Оказалось  чистая правда: он застрелился.


Я помню, как мы с Каем вышли из крематория. Пощурились на солнце, привыкая к жизни.


Оставался день до зимы. Южноамериканской зимы  Ману любил только эту зиму и каждое наше лето уезжал в Колумбию или Аргентину  жить в зиме. Потому что нашей зимой у него наступало лето  в Чили или Перу.


Я нёс урну с прахом. Кай раздумывал, как с ним поступить.


Ману оставил на столе лист пожеланий. Во-первых, он настаивал на крематории, за что мы были ему очень благодарны.


 А помнишь, он мечтал о мексиканском кладбище? Рассказывал, что там весёлые надгробья, ребята славные. Будет о чём поговорить.

 На пальцах? Он не знал испанского.

Ману также сообщал, что его можно закопать под деревом. Тополем или клёном. Возможно, дубом или рябиной. Яблоней, например.

А можно развеять. Просто так или с высоты.

 Только не над морем,  напомнил Кай.

 Разумеется.

Мы выбрали крышу дома в семнадцать этажей.
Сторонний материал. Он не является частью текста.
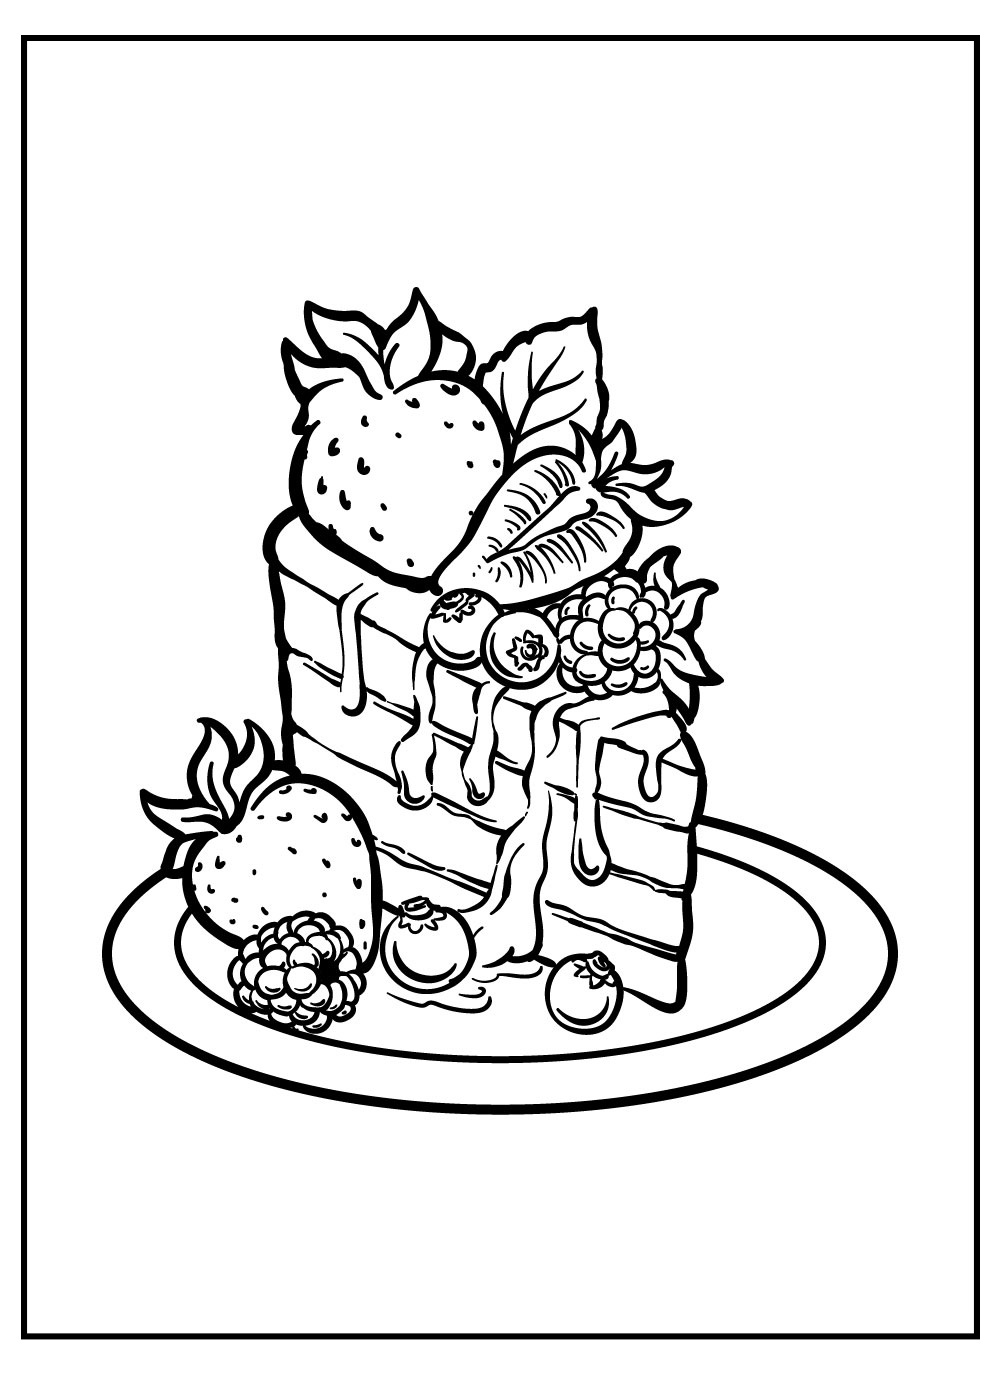 A Piece Of Birthday Cake For Kids Coloring Page

Ветер нас ждал и проводил к самому краю. Мы помолчали, попрощались. Вытряхнули урну.

Всё, чем был Ману, легко растаяло на солнце.

#

С тех пор, как нас осталось двое, бездельник Комов ежеутренне торчал в моём подвале. Уничтожал запасы чая и доводил до тоски болтовнёй с прихожанами.

Комов искал в них глубину. Как сам изволил выразиться, простукивал половицы, надеясь настучать под ними тайники. Но в массе своей приходящий люд был просто пол  дубовый.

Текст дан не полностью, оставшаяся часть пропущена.